Ever since surfer Garry Meredith rushed to the water to help save a man mauled by a shark off Australia's east coast, he has not been able to get back on his board.
It has been a year since bodyboarder Matt Lee was hauled in from the sea, haemorrhaging blood after a four-metre great white shark bit his legs.
Lee survived but for veteran lifesaver Meredith the memories remain vivid. He helped paramedics stem the bleeding after the attack at Lighthouse Beach in the picturesque town of Ballina.
Beach culture is core to local identity but a rise in shark sightings and attacks has shaken many residents.
"After that experience... my surfing completely stopped," Meredith told AFP.
"I'll get back eventually, but I'm not ready to go back in yet."
The incident came some five months after a fatal attack at a nearby beach when he had been on duty.
Lee was one of 14 people involved in unprovoked shark attacks off the coast of New South Wales in 2015 up from three in 2014, according to records at Sydney's Taronga Zoo.
Most occurred along a 60-kilometre (37-mile) stretch from Evans Head to Byron Bay—with Ballina, a popular surf break 740 kilometres north of Sydney, between the two.
The region, renowned for its powdery white beaches and rugged coastline, has long been a magnet for surfers but fear has set in.

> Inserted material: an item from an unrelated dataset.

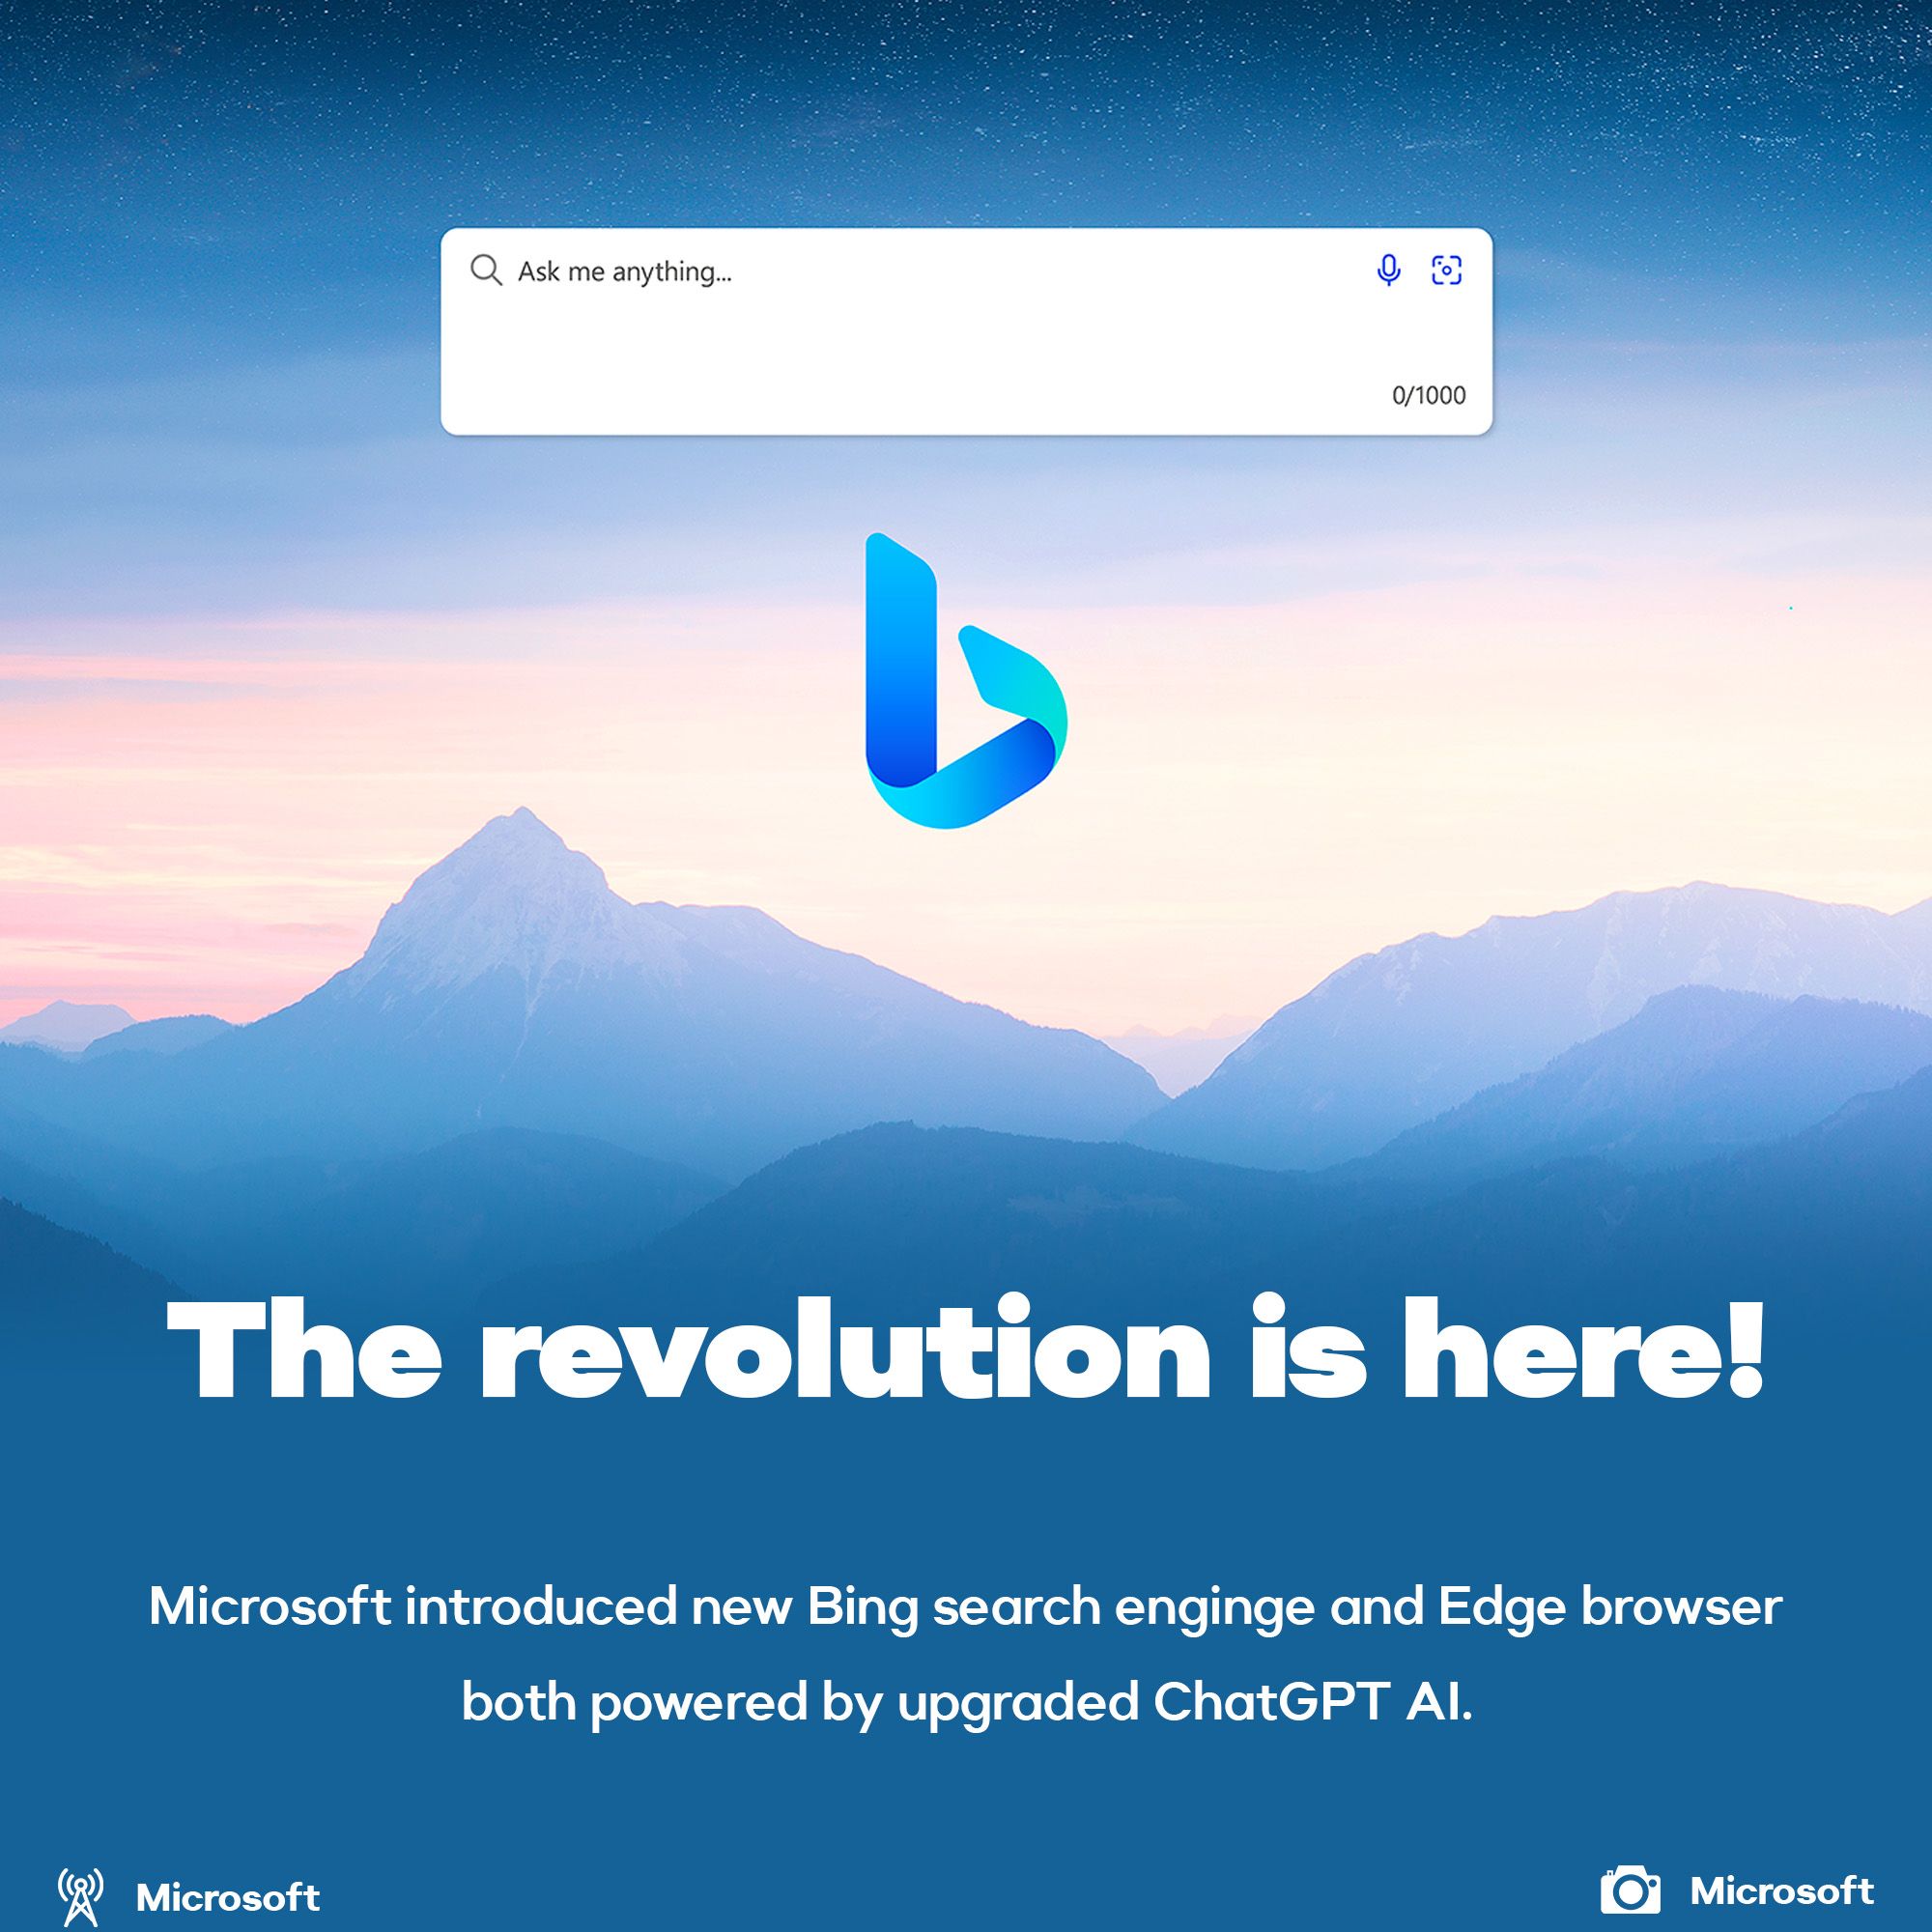 Bing powered by ChatGPT announced
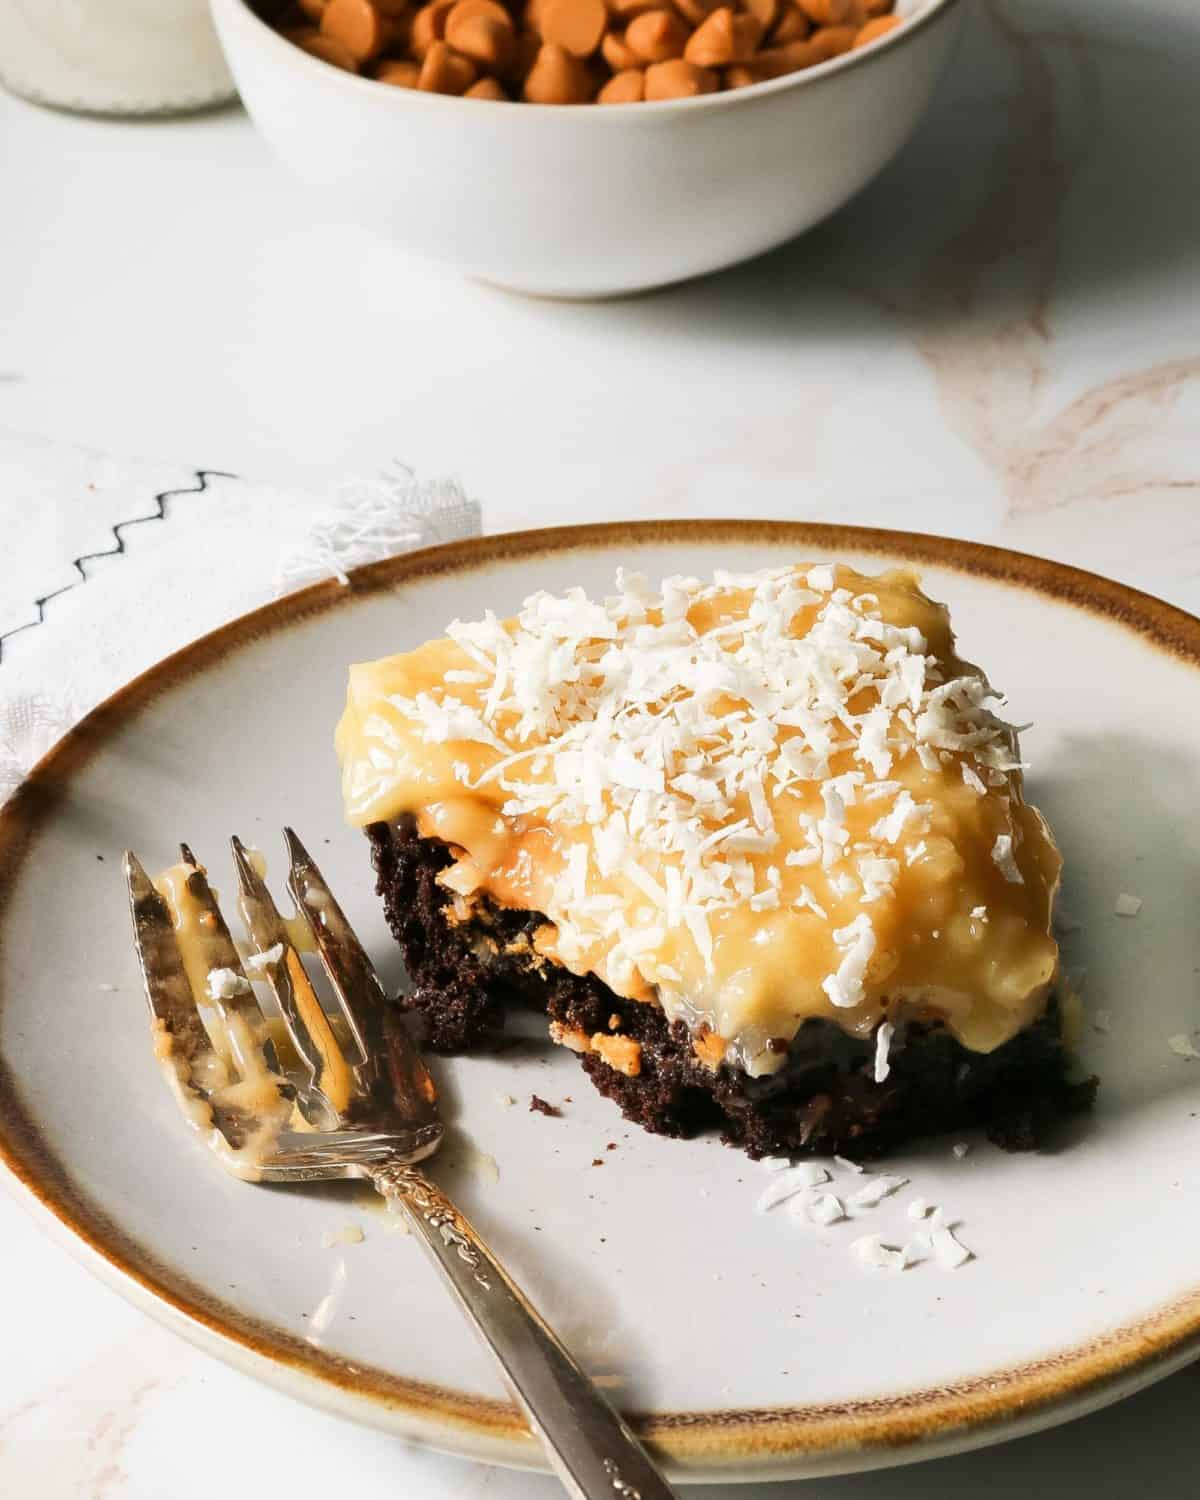 A bite of German chocolate brownie on a plate with a fork and crumbs.

"(Some) boardriders won't go back in or they're not ready to go back in yet. I think they're scared enough to make that decision," Meredith said, adding: "But then you've got the die-hard guys that need to get that surf in every day, so they'll take the risk."
Culling is 'prehistoric'
Last year Japanese surfer Tadashi Nakahara died after his legs were ripped off at Ballina's Shelly Beach by a great white—a protected species. It was the only fatality from 22 unprovoked shark attacks in Australian coastal waters last year.
The encounters prompted calls for a shark cull, but Ballina's mayor David Wright is unequivocally against this.
He explained: "I think the culling of anything is basically a prehistoric type of way to deal with it. You just don't kill something because you don't get on with it."
But there is no agreement on the best approach to prevention, and state governments along the more than 30,000-kilometre Australian mainland coastline have adopted different measures.
Drum lines, where baited hooks are attached to floating barrels positioned a set distance off beaches, are deployed to catch sharks in Queensland. Some are collected and released elsewhere, many die on the hooks. The state also uses nets, which entangle them, causing them to drown.
Conservationists have heavily criticised both measures and point out they also result in the death of other marine life.
Western Australia, which has suffered more than a dozen shark attack fatalities since 2000, dumped a controversial catch-and-kill policy and now uses aerial patrols among other measures but maintains the option of killing sharks deemed an imminent threat.
The New South Wales government has ruled out culls instead employing other measures such as aerial monitoring and buoys with satellite receivers to track tagged sharks.
There were 98 shark attacks globally last year—the highest number ever recorded, according to researchers at the University of Florida, which has been collecting data since 1958. The French island of La Reunion was the "most deadly" with two out of the six fatalities resulting from such incidents worldwide.
George Burgess, director of the International Shark Attack File at the university, told AFP in February the increase in attacks could be due to rising water temperatures caused by climate change, which has led the sharks change established routes.
He also suggested the El Nino weather pattern, which was particularly powerful last year, caused warmer sea temperatures drawing more people to the beach.
But marine ecologist Rob Harcourt of Macquarie University warned that without long-term data it was difficult to pinpoint the factors behind attack clusters in Australia and more research was needed.
In Ballina, lifesavers, fishermen and surfers insist they have seen more sharks in recent years and closer to shore.
At the spectacular surfing spot of Boulders Beach, aerial patrols have spotted large sharks up to three metres long, Meredith said.
"Sightings have been really in close...in the whitewater probably 10 metres, if that, off the beach and they are just swimming up and down the gutters (deeper channels)," he added. "We've been told they're just looking for food."
Dave Pearson, founder of survivor support group "Bite Club", was bitten by a three-metre bull shark while surfing at Crowdy Head, another picturesque area in New South Wales, in 2011. It tore down to the bone on his left arm and smashed his skull.
"For the town here, for my mates and for my family, it never ends," he explained, adding that the focus should be on helping communities after attacks.
He said: "If we accept that there will be so many attacks a year... each (family) will cost us "X" amount in mental health, physiotherapy, and we want to be helping to provide that service."